Each hook in the library includes the template pattern, two to three real examples, and a note about which content format it works best for (LinkedIn favors curiosity and contrarian hooks; email subject lines favor result and question hooks; video hooks favor story openers).

This library gets loaded as context for the hook-writing sub-agent. Instead of generating hooks from scratch every time — which produces generic, predictable openers — the agent draws from patterns with proven engagement and adapts them to the specific topic.

You don't need 150 to start. Thirty solid hooks across five categories is enough to avoid repetition and give the agent meaningful variety to work with.

Step 4: Build the Sub-Agent Architecture

This is where Austin's pattern gets really interesting, and where I spent most of my build time. The system uses two specialized sub-agents coordinated by an orchestrator — not one mega-agent trying to do everything.

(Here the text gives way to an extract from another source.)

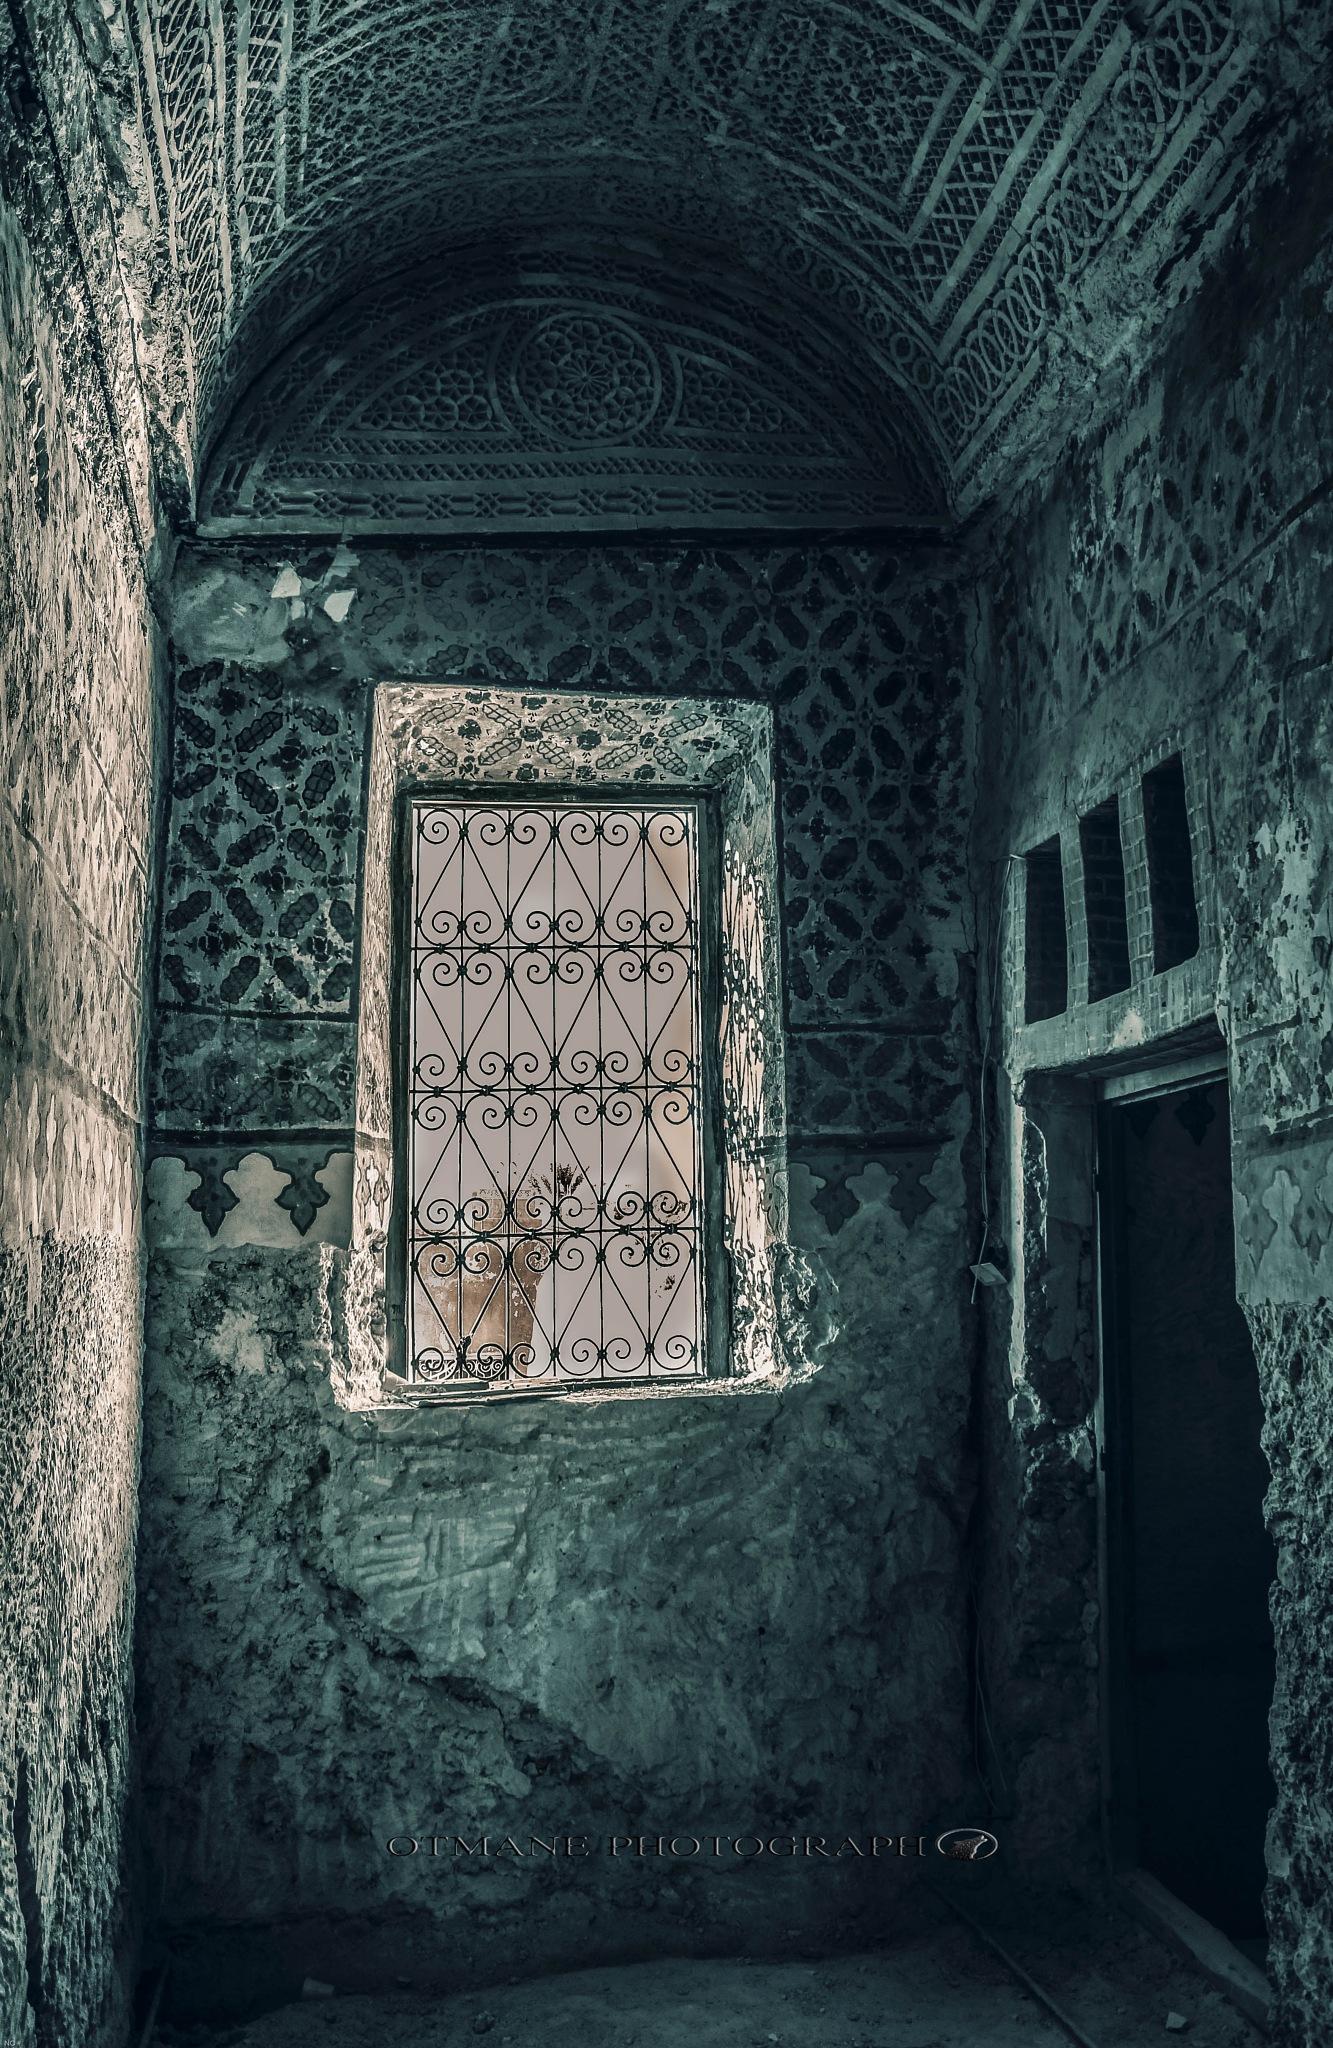 Untitled by Othman Hadjbrahim

I've written about why single agents fail at scale before. The short version: when you ask one agent to handle hooks AND body copy AND formatting AND voice compliance, the model's attention gets diluted. Instructions for writing punchy headlines compete with instructions for writing detailed email bodies. Everything gets a little worse.

Austin's architecture solves this with specialization.

Sub-Agent 1: The Hook Writer

This agent has one job — generate attention-grabbing opening lines across multiple formats. Its skill definition includes:

  • The hook library as reference context
  • The user profile for topic relevance
  • The tone of voice kit for personality
  • Format-specific constraints (LinkedIn character patterns, email subject line length limits, video hook timing)

When triggered, it receives a topic and produces a set of hooks — typically three to five per format. It doesn't write body copy. It doesn't format deliverables. It writes hooks. That focus means every hook gets the model's full attention.

Here's a simplified version of what the skill definition looks like:

# Hook Writer Sub-Agent

## Role
Generate attention-grabbing hooks for marketing content across
multiple formats.

## Context Files
- @user-profile.md
- @tone-of-voice.md
- @hook-library.md

## Output Formats
For each topic, generate:
- 3 LinkedIn post hooks (first 2 lines that appear before "see more")
- 3 email subject lines (under 50 characters, curiosity-driven)
- 2 video hooks (first 10 seconds of script, conversational)

## Rules
- Every hook must create an open loop or promise specific value
- Match the tone of voice guide exactly
- Never use generic openers ("In today's world...", "Have you ever...")
- Reference specific tools, numbers, or scenarios from the topic
- Vary structure across the set — no two hooks should follow the
  same pattern

Sub-Agent 2: The Body Copy Writer

This agent takes a hook and expands it into complete content for each format. Its skill definition includes:

  • The user profile for positioning and CTA preferences
  • The tone of voice kit for consistent personality
  • Format-specific templates (LinkedIn post structure, email body structure, video script structure)
  • Length constraints per format

The body copy writer receives a topic AND the selected hooks from Sub-Agent 1, then produces complete content pieces. The hooks provide direction — the body writer doesn't have to figure out the angle, it just needs to deliver on the promise the hook made.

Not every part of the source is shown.